TASK INSTRUCTIONS → With no line omitted, restate the records below exactly as they appear.
== Segment start ==
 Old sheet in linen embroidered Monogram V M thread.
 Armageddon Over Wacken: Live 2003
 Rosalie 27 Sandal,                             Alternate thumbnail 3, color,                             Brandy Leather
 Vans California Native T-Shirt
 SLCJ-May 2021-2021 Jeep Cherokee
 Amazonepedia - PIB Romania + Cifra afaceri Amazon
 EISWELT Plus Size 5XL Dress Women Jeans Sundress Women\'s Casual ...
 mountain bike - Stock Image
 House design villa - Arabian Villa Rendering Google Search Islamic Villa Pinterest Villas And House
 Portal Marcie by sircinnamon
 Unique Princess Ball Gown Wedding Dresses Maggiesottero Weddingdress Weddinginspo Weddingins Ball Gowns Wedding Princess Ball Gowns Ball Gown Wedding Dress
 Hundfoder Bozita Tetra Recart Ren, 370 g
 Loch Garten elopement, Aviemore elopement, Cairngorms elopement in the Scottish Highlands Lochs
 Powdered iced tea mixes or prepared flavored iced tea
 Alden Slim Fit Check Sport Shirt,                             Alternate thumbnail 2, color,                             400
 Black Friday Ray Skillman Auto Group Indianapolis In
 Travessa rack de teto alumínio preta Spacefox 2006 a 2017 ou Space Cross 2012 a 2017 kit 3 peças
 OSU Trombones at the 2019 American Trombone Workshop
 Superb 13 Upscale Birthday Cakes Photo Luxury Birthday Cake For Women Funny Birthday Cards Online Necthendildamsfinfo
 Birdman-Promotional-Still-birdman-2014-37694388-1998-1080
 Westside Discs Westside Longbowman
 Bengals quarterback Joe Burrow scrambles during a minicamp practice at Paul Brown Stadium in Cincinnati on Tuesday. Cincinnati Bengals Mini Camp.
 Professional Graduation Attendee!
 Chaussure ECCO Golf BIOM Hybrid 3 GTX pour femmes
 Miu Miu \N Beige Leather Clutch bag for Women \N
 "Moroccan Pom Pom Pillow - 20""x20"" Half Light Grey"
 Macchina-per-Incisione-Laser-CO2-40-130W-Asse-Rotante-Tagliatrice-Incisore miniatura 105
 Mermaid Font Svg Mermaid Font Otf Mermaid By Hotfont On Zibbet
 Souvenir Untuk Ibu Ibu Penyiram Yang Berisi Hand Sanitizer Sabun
== Segment end ==
THE COMPLETED TASK →
 Old sheet in linen embroidered Monogram V M thread.
 Armageddon Over Wacken: Live 2003
 Rosalie 27 Sandal,                             Alternate thumbnail 3, color,                             Brandy Leather
 Vans California Native T-Shirt
 SLCJ-May 2021-2021 Jeep Cherokee
 Amazonepedia - PIB Romania + Cifra afaceri Amazon
 EISWELT Plus Size 5XL Dress Women Jeans Sundress Women\'s Casual ...
 mountain bike - Stock Image
 House design villa - Arabian Villa Rendering Google Search Islamic Villa Pinterest Villas And House
 Portal Marcie by sircinnamon
 Unique Princess Ball Gown Wedding Dresses Maggiesottero Weddingdress Weddinginspo Weddingins Ball Gowns Wedding Princess Ball Gowns Ball Gown Wedding Dress
 Hundfoder Bozita Tetra Recart Ren, 370 g
 Loch Garten elopement, Aviemore elopement, Cairngorms elopement in the Scottish Highlands Lochs
 Powdered iced tea mixes or prepared flavored iced tea
 Alden Slim Fit Check Sport Shirt,                             Alternate thumbnail 2, color,                             400
 Black Friday Ray Skillman Auto Group Indianapolis In
 Travessa rack de teto alumínio preta Spacefox 2006 a 2017 ou Space Cross 2012 a 2017 kit 3 peças
 OSU Trombones at the 2019 American Trombone Workshop
 Superb 13 Upscale Birthday Cakes Photo Luxury Birthday Cake For Women Funny Birthday Cards Online Necthendildamsfinfo
 Birdman-Promotional-Still-birdman-2014-37694388-1998-1080
 Westside Discs Westside Longbowman
 Bengals quarterback Joe Burrow scrambles during a minicamp practice at Paul Brown Stadium in Cincinnati on Tuesday. Cincinnati Bengals Mini Camp.
 Professional Graduation Attendee!
 Chaussure ECCO Golf BIOM Hybrid 3 GTX pour femmes
 Miu Miu \N Beige Leather Clutch bag for Women \N
 "Moroccan Pom Pom Pillow - 20""x20"" Half Light Grey"
 Macchina-per-Incisione-Laser-CO2-40-130W-Asse-Rotante-Tagliatrice-Incisore miniatura 105
 Mermaid Font Svg Mermaid Font Otf Mermaid By Hotfont On Zibbet
 Souvenir Untuk Ibu Ibu Penyiram Yang Berisi Hand Sanitizer Sabun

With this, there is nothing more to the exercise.